Take the entries below and reproduce exactly the portion that begins at the line containing "stacja pogody 180308" and ends at the line containing "30 Schon Haushaltsbuch", keeping both ends, dropping pictures, and adding nothing else.

Listed records:
━━━━━━━━

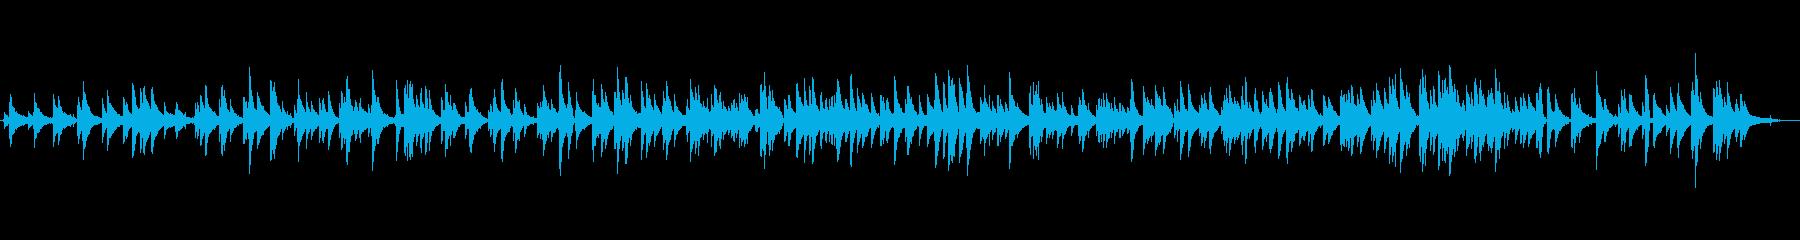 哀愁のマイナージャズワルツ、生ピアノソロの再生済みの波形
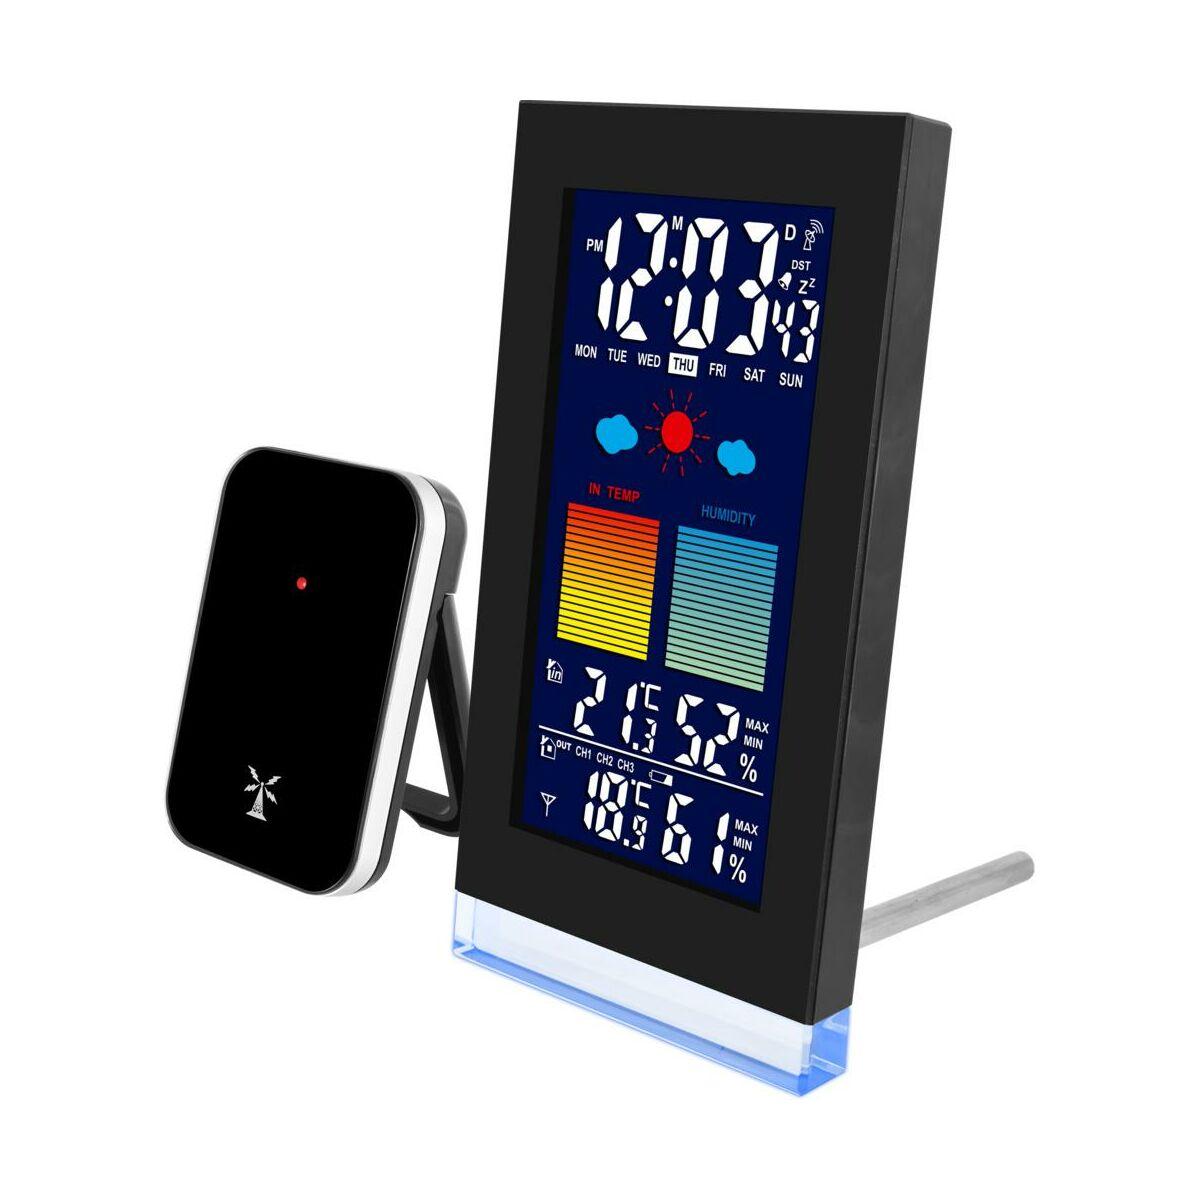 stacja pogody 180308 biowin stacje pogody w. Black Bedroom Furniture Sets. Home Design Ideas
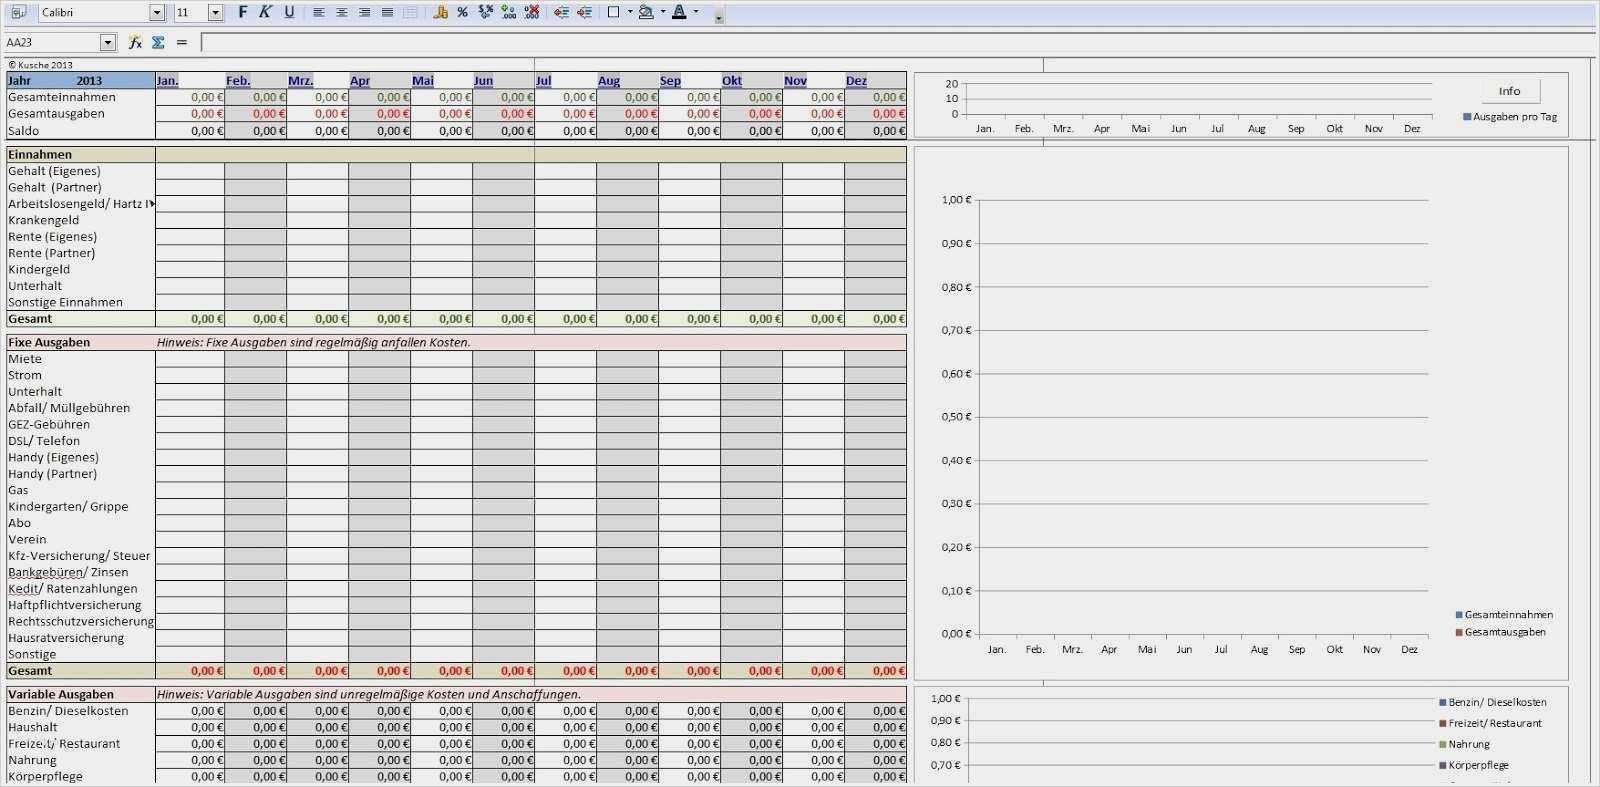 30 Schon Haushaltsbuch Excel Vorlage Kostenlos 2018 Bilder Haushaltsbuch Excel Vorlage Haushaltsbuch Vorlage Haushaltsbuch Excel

━━━━━━━━

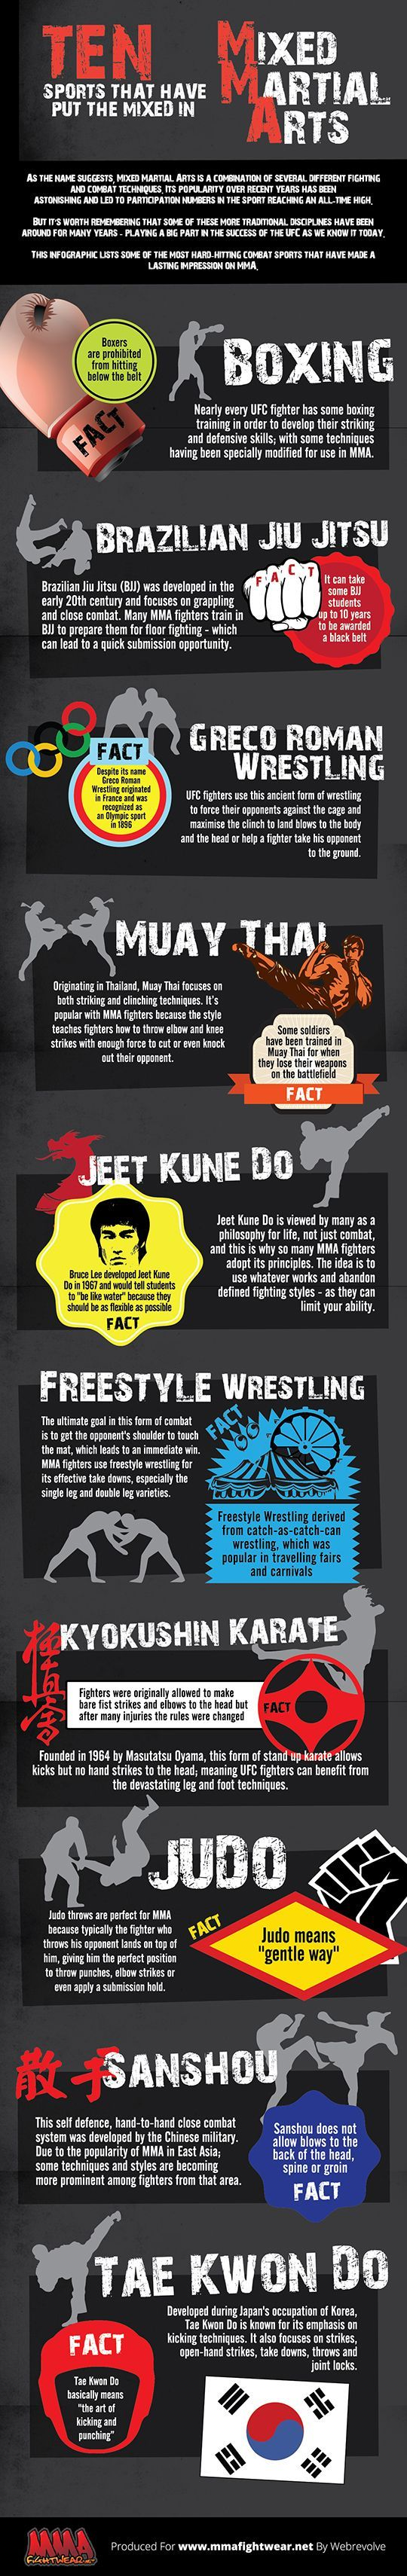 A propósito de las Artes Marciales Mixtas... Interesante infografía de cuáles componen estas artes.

━━━━━━━━

Solution to this task:
 stacja pogody 180308 biowin stacje pogody w. Black Bedroom Furniture Sets. Home Design Ideas
 30 Schon Haushaltsbuch Excel Vorlage Kostenlos 2018 Bilder Haushaltsbuch Excel Vorlage Haushaltsbuch Vorlage Haushaltsbuch Excel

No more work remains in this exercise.